7 Ways to Coordinate Your SEO Team’s Efforts

December 7, 2016 by  
Filed under All About PPC, SEO

by Jayson DeMers

Search engine optimization (SEO) demands input from many different teams
and individuals at once; on the surface, it may seem like a
straightforward strategy, but it’s actually an amalgamation of efforts
from multiple different areas.

For example, your strategic
directors will be busy delving into keyword research and new competitive
opportunities, while your writers work on new content, your social
media experts work on promotion and audience building, and your account
managers or team leads analyze your results and keep your clients or
bosses happy.

All of these sub-groups of people will be trying to achieve their individual goals while trying to remain focused as a team.
After all, they all share the same ultimate vision–boosting your
rankings in search engines. Wrangling this chaos into something
organized can be extremely difficult, but there are some strategies that
can help you do it.

Order in Chaos

Try using these strategies to keep your SEO team better organized:

1. Keep your team on the same schedule (mostly).

Even
though your team may not be working in the same location or even on the
same projects, it’s a good idea to keep your team on the same
schedule–for the most part. Working during the same hours will allow for
the nearly constant possibility of communication, so you don’t run into
the problem of employees reaching out to others when they’re
unavailable. Alternatively, you could use shift planning software to schedule your employees’ shifts and availabilities on some kind of rotating basis, allowing key periods of overlap where conversation can freely take place.
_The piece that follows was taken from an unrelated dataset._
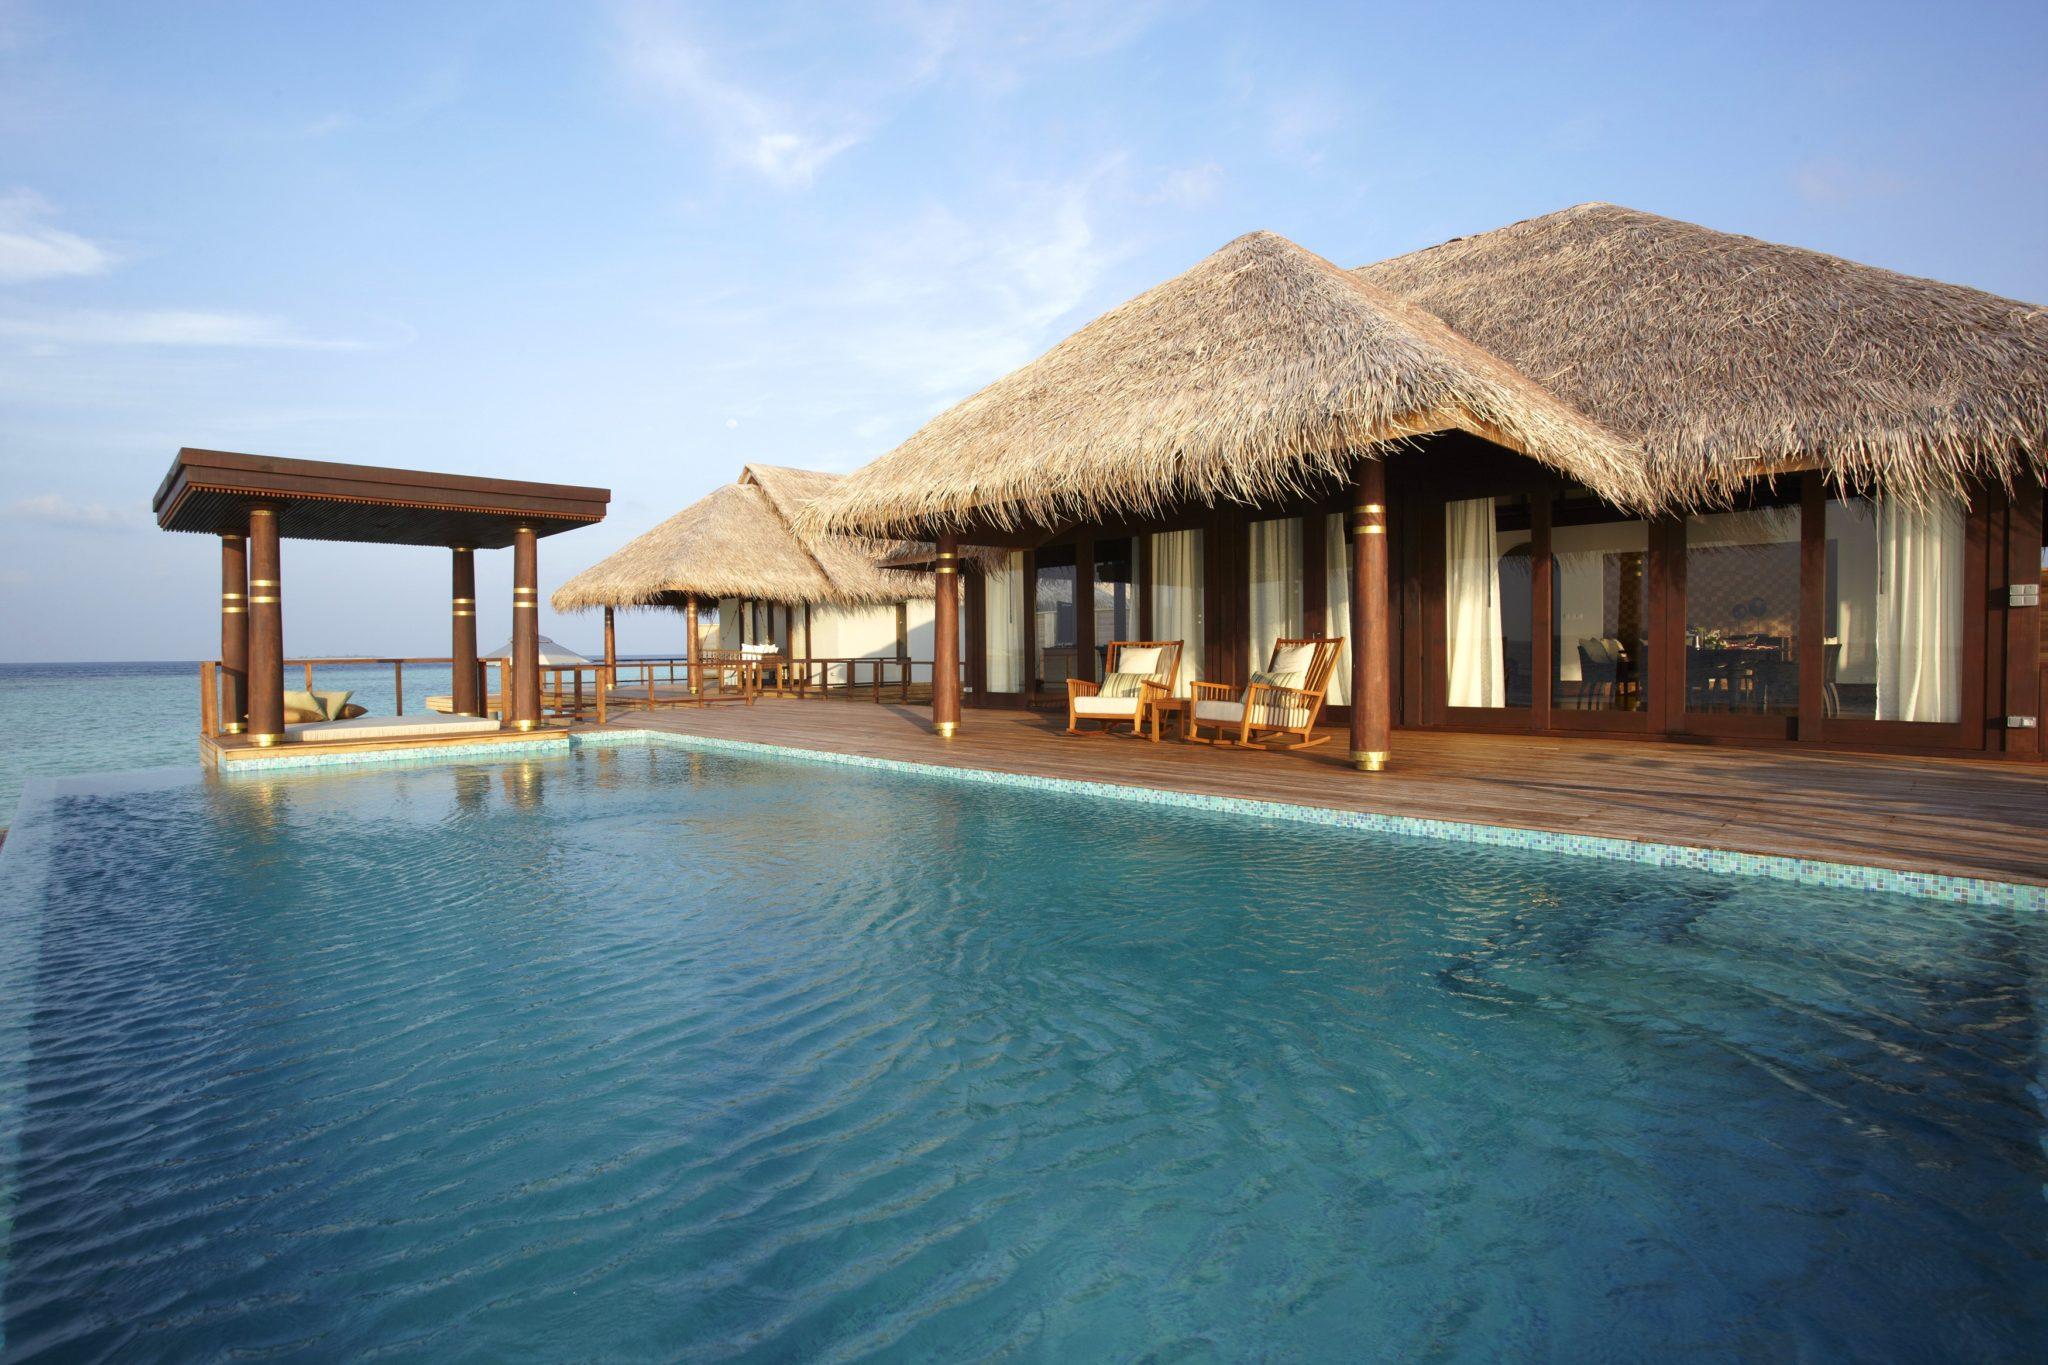 Anantara kihavah villas maldives infinity pools for Villas with infinity pools

2. Use cloud-hosted software.

Hopefully by now, most of your systems are already in the cloud. Cloud-hosted software is accessible anywhere at any time–provided
you have the credentials and an internet connection. This means all of
your employees will have mutual access to the same files, the same
project documents, and the same communication threads as everyone
else–no matter what device they’re using or where they’ve set up shop
for the day.

3. Set clear expectations.

One of your
most important strategies will be setting clear expectations from the
beginning. Let your employees know things like the chain of command,
proper procedures for uploading finished work, approvals processes, and
how you expect goals to be reached. This will help keep everyone on the
same page and thinking together like a team with a unified goal.

4. Set clear communication standards.

You’ll also want to set clear communication standards for your team to use.
For example, if you use project management software, should all of your
team’s discussion stay relegated to the appropriate project within the
software? Or should they use instant messaging for the discussion, and
the project management software to document key points of interest?
Don’t wait to establish these standards; be proactive here.

5. Appoint key leadership positions.

A
team is only as good as its leader. While you may serve as the overall
team leader, you’ll also need to appoint key positions of leadership
among your teammates. For example, who has the last say on content
getting published to your site? Who’s ultimately responsible for various
projects hitting their deadlines? Establishing some kind of hierarchy
will help keep all your workers in line.

6. Document your workflows.

It’s also beneficial to formally document all your workflows.
Setting clear expectations, proactively, will go a long way in making
sure your team stays working together and following the same procedures,
but having a documented reference source will prevent those standards
from evolving in new directions over time (it will also help solve any
disputes that may arise within the team).

7. Set both individual and group goals.

Finally,
you’ll want to set goals on both an individual and group level.
Obviously, you want your employees to work together, so you need a
group-centric focal point to unite them, but you also want to cater to
the strengths of each individual with more specific, employee-centric
milestones.

Complicating Matters

As if SEO and team
coordination weren’t complicated enough, there are even more factors
that could cause headaches for your business. For starters, not all your
team members may be full-timers. You may also have independent
contractors, interns, and/or remote workers all pouring in their efforts
simultaneously. You may also have staffing changes, delegation, and
overlapping responsibilities to contend with.

The truth is, coordinating your SEO team will never be easy or straightforward, but it will make more sense when you commit to improving your approach.
As long as you keep refining your methods and learning from your past
mistakes, you’ll keep improving, and you’ll eventually end up with a
stable system that keeps your workers happy and your results consistent.